5

I hope to get some clarifications on Fitted Q-Learning ('FQL').

**My Research So Far**

I've read Sutton's book (specifically, chp 6 to 10), Ernst et al and this paper.

I know that `Q*(s,a)`

expresses the expected value of first taking action `a`

from state `s`

and then following optimal policy forever.
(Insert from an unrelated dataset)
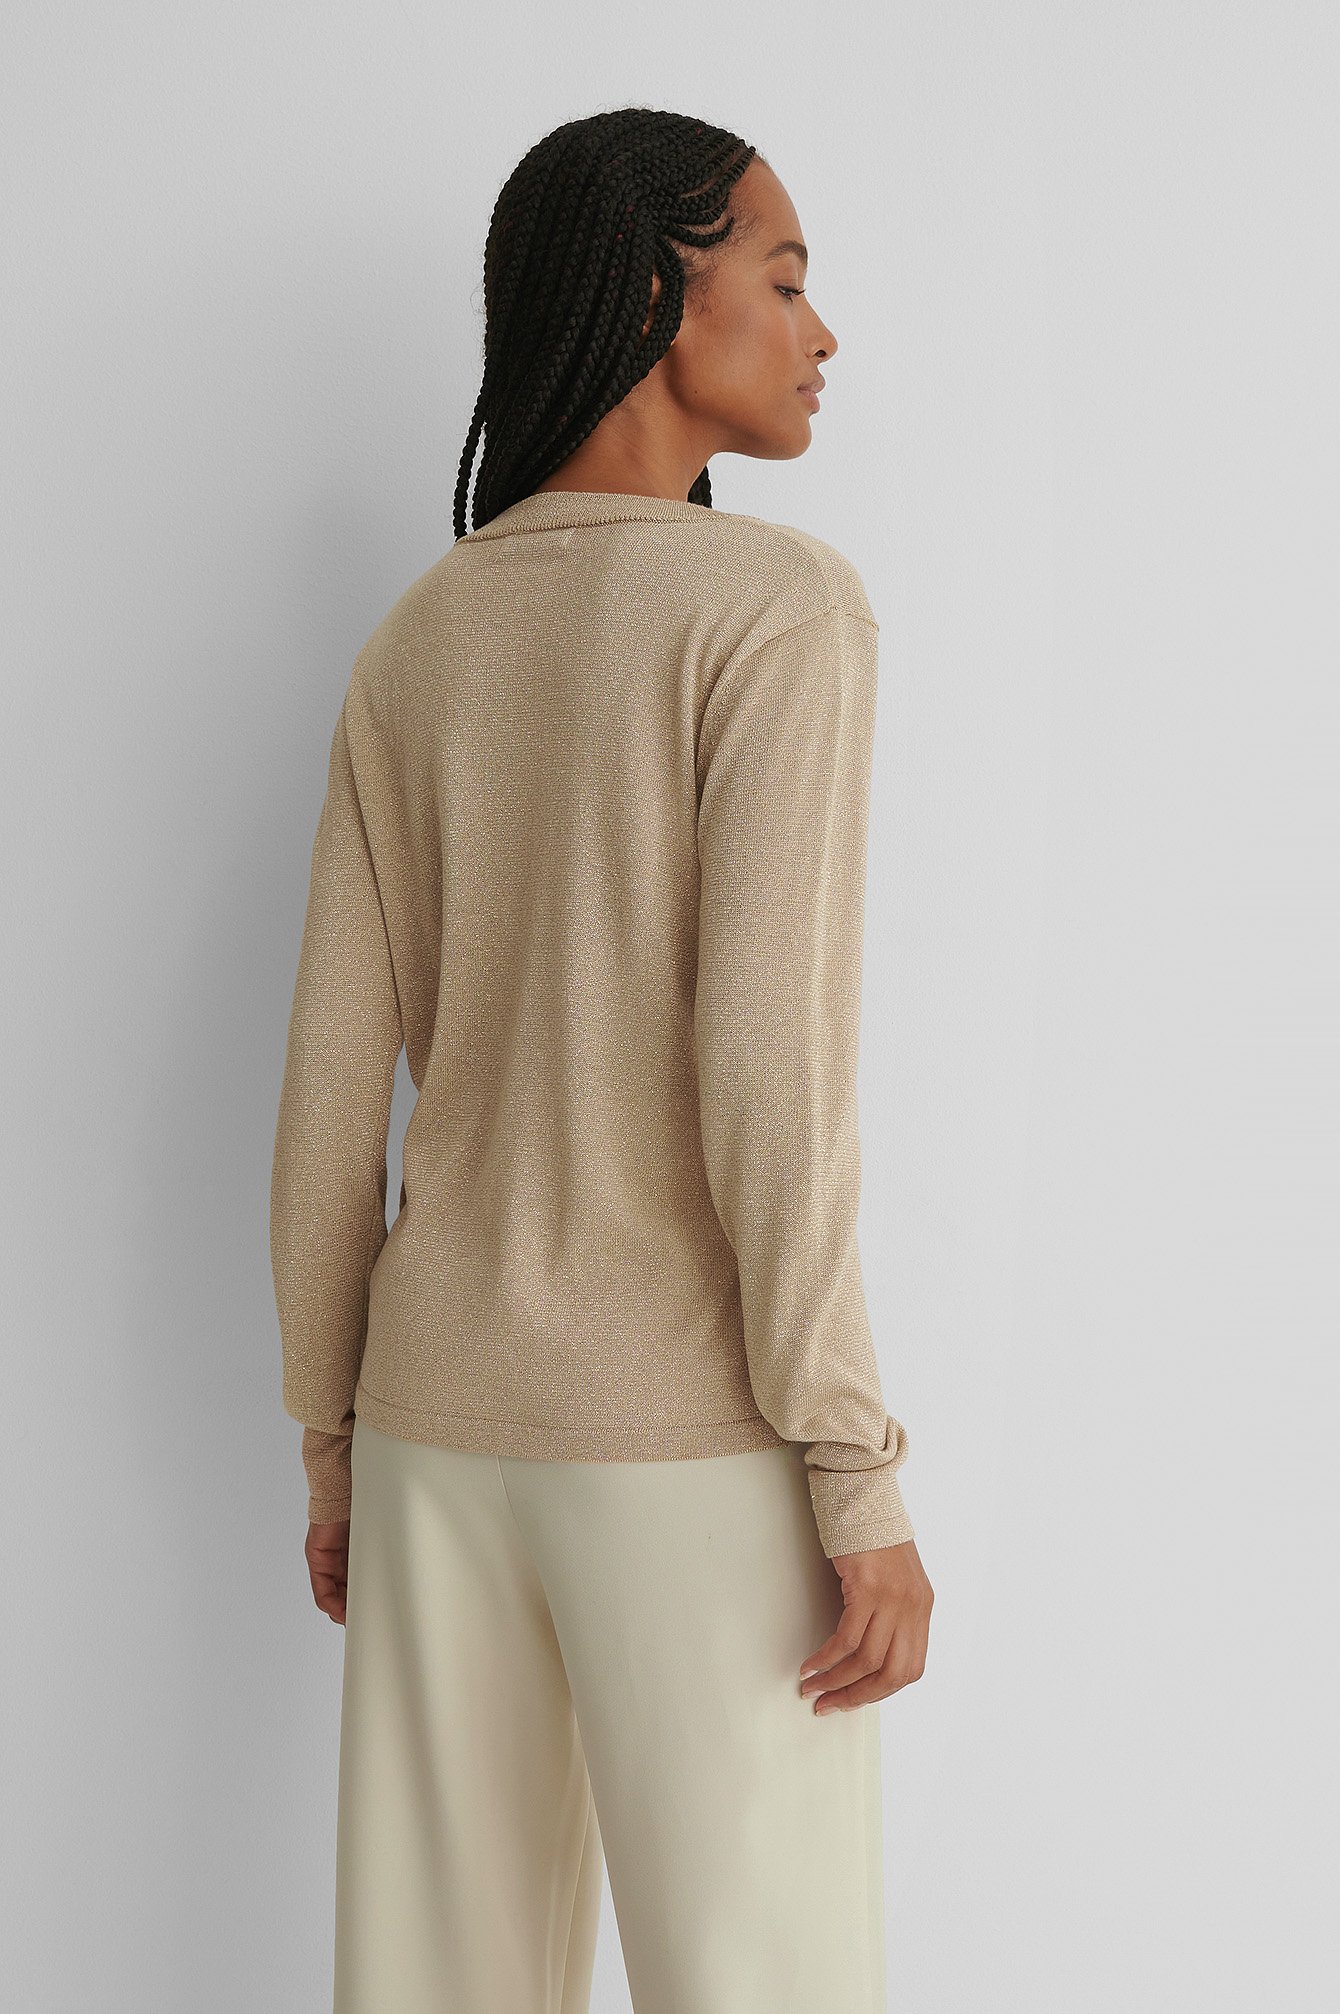 Beige Long Sleeve Glitter Knitted Sweater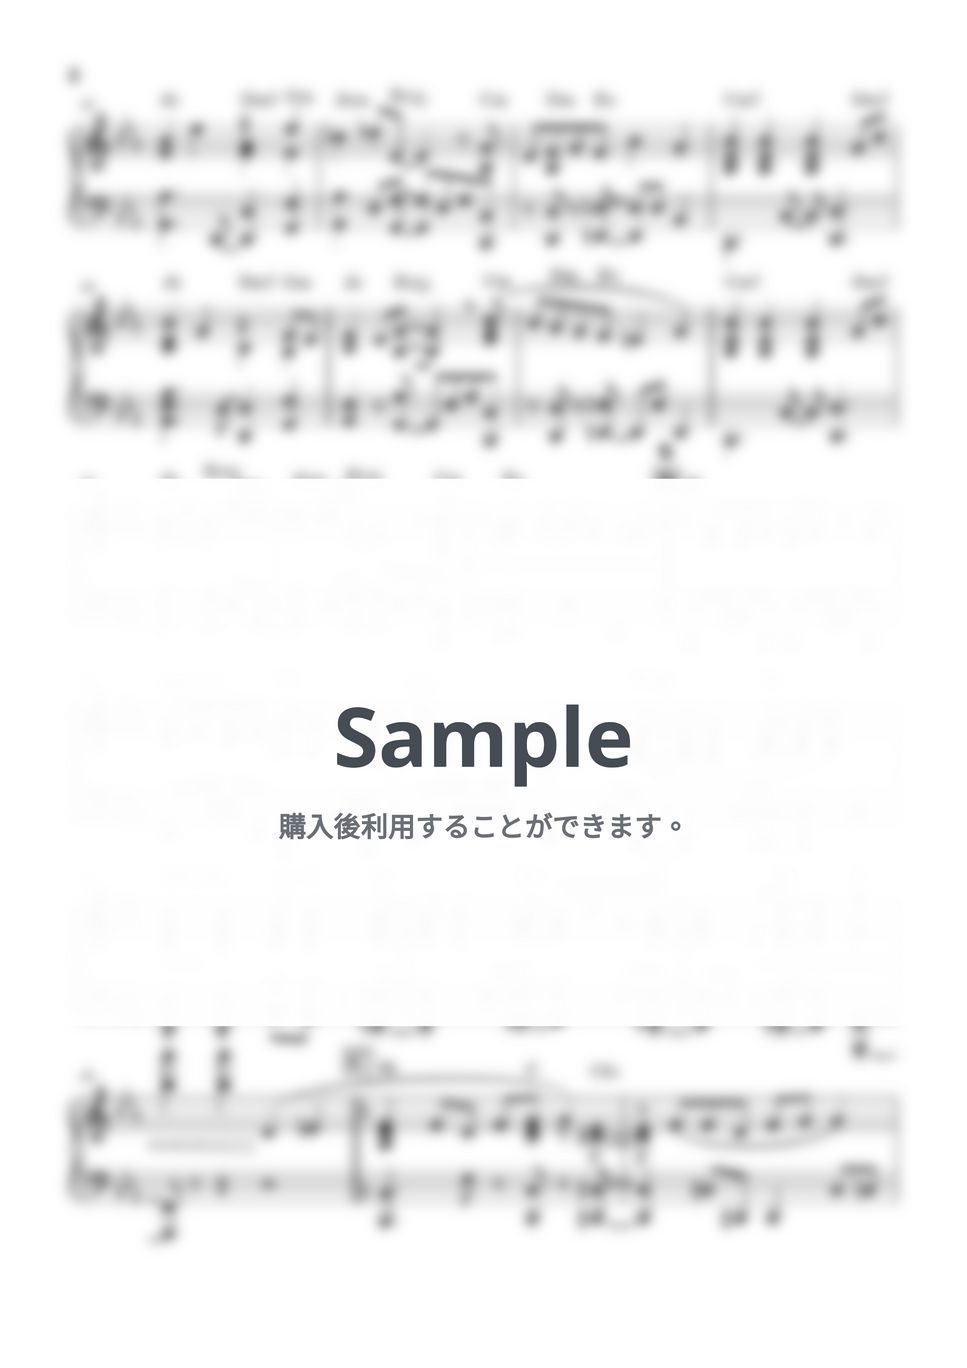 星野源 - Cube (ピアノソロ / コード付) by あーちゅーぶ

I tried my best to understand function approximation in large state spaces and TD(n).

**My Questions**

(1) Concept - Can someone explain the intuition behind how iteratively extending N from 1 until stopping condition achieve optimality (Section 3.5 of Ernst et al)? I have difficulty wrapping my mind around how this ties in with the basic definition of `Q*(s,a)`

that I stated above.

(2) Implementation - Ernst et al gives the pseudo-code for the tabular form. But if I try to implement the *function approximation* form, is this correct:

```
Repeat until stopping conditions are reached:
- N ← N + 1
- Build the training set TS based on the the function ˆQN − 1 and on the full set of four-tuples F
- Train algo on the TS
- Use the trained model to predict on the TS itself
- Create TS for the next N by updating the labels - new reward plus ( gamma * predicted values )
```

I am just starting to learn RL as part of my course and thus, there are many gaps in my understanding. Hope to get some kind guidance. Thanks in advance!